# Sonido entrecortado al subir volumen



## Tothelimit (Abr 1, 2007)

Hola! En mi coche tengo una radio Blaupunkt Car 300. Hace poco empezo a entrecortarse el sonido mucho en cuanto subo un poco el volumen, mientras tenga el volumen bajo se escucha bien la radio, pero en cuanto lo subo un poco, el sonido se escucha y se apaga se escucha y se apaga...
¿Como puedo solucionar esto? He abierto la radio, pero no tengo ni idea de esto....
Muchas gracias


----------



## tiopepe123 (Abr 1, 2007)

casi seguro que has quemado el amplificador, cuando el volumen esta bajo funciona la etapa excitadora que atraviesa como puede a la etapa de potencia.

Cuando la habrás veras uno o dos circuitos integrados atornillados al chasis.
Debes mirar la referencia y preguntar en la tienda si los tienes o "si te los pueden pedir"
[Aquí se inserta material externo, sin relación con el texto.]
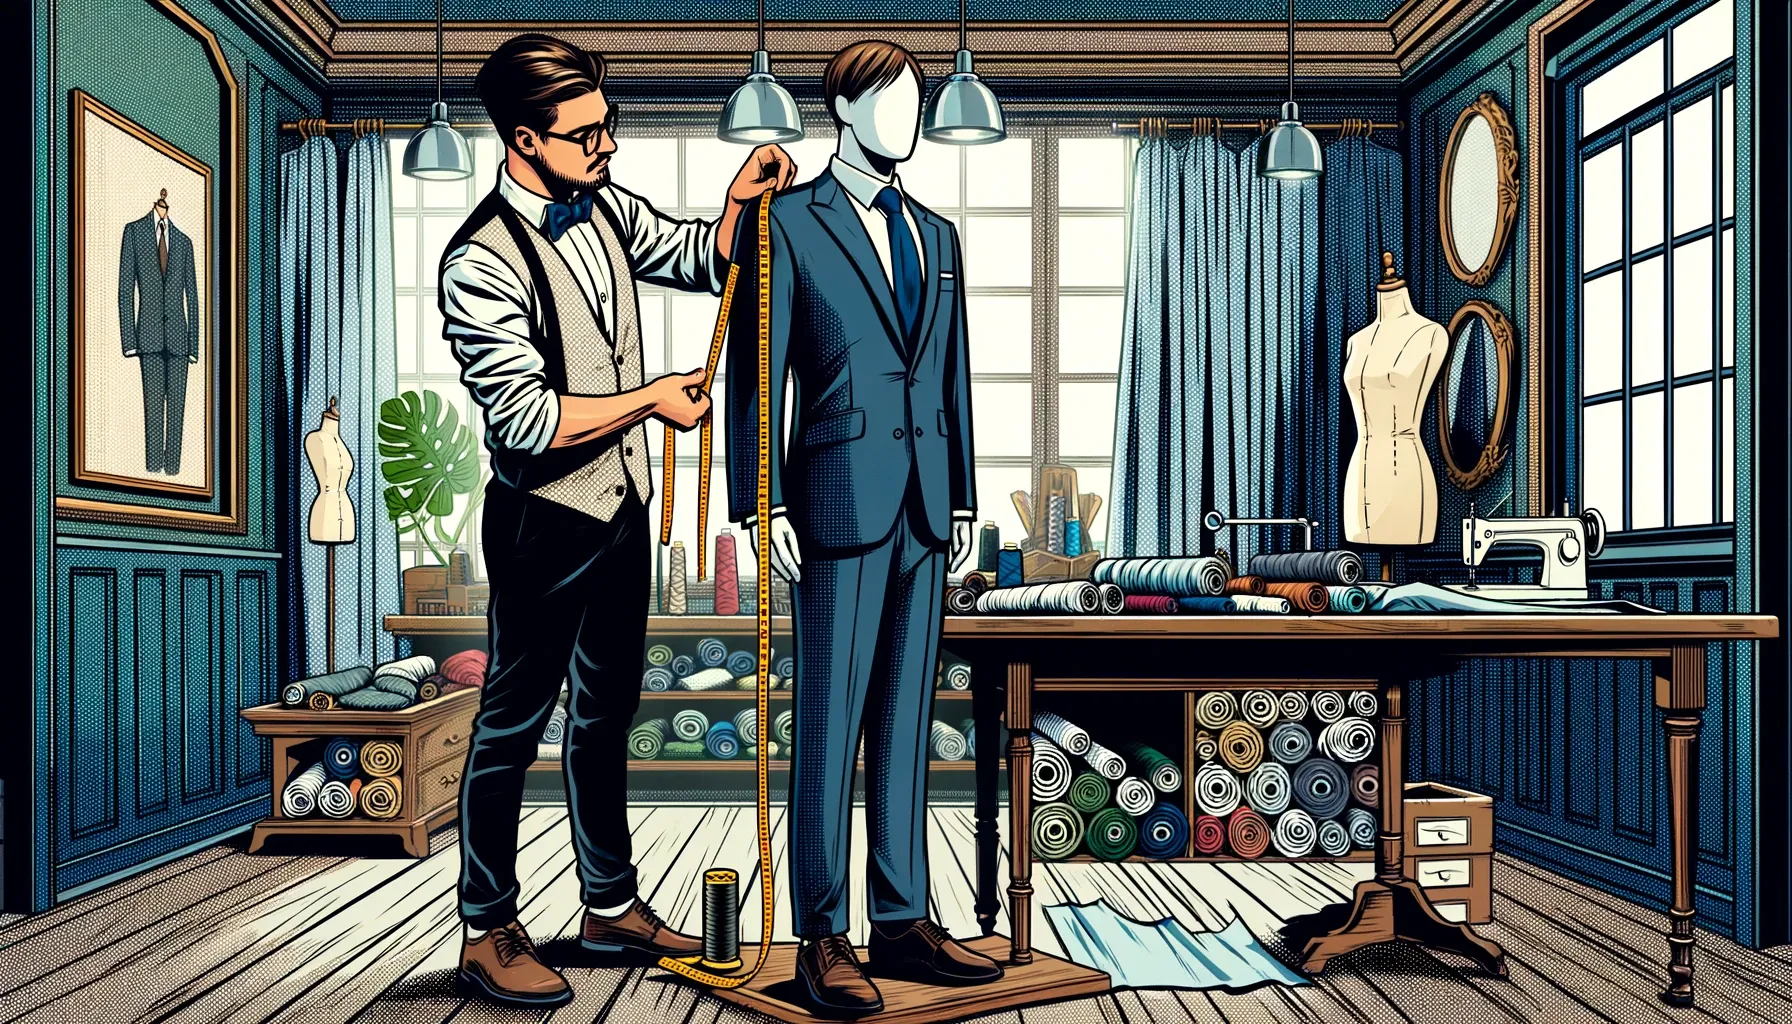 A tailor measuring a mannequin dressed in a suit in a vintage tailoring workshop, surrounded by rolls of fabric and sewing equipment, depicted in a detailed comic book style.

Para cambiarlos tienes dos métodos uno con mucho estaño y un buen soldador o puedes comprar cinta desoldadora.


----------



## Tothelimit (Abr 2, 2007)

OK! Muchisimas gracias. Mejor me comprare un RadioCd nuevo, mejor k gastarme nada en ese trasto, jeje. Taluego!


----------



## gaston sj (Abr 14, 2007)

hola todabia no compres un nueva!!!! 

lo unico que deves hacer es sacar el integrado de potencia que por lo general es un TDA y llevarlo ala tienda de electronica te dan uno nuevo por menos de 15 euros lo pones y listo 

te recuerdo que para sacr el integrado tienes que tener un cautin o soldador de estaño y un aparatito que parece un jeringa que con eso sacas el estaño del integrado a recambiar y te sera muy facil de lo contrario es muy agobiante la tarea de desoldar saludos y espero que lo arregles


----------



## magma_60 (Abr 27, 2007)

no se si sea buena idea y aun sea tiempo para darte esta respuesta....  pero empezemos con lo basico,   no tendras mal alimentado el estereo con un cable delgado o ke este haciendo falso contacto,  si no intenta replasar el cable de Vcc(el que esta conectado comunmente al cable amarillo del autoestereo)y reemplazalo por uno de calibre 10-12,
otra posible solucion pero menos usal podria ser ke algun par de cables ke van hacia las bocinas esten haciendo cortocircuito entre si mismos o alguno este haciendo tierra con el chasis
saludos espero te sirva esta respuesta


----------



## Juan Carlos Burela S. (Jun 27, 2007)

bueno aqui el problema no es elimentacsion de tu radio sino simplemente se a quemado tu integrado de salida y punto yo lo se por experiencia no hay dudas simplemente compra otro que de seguro es un TDA7384 o alguno paresido y cambialo  te haceguro que con eso se solusiona tu problema :saludos


----------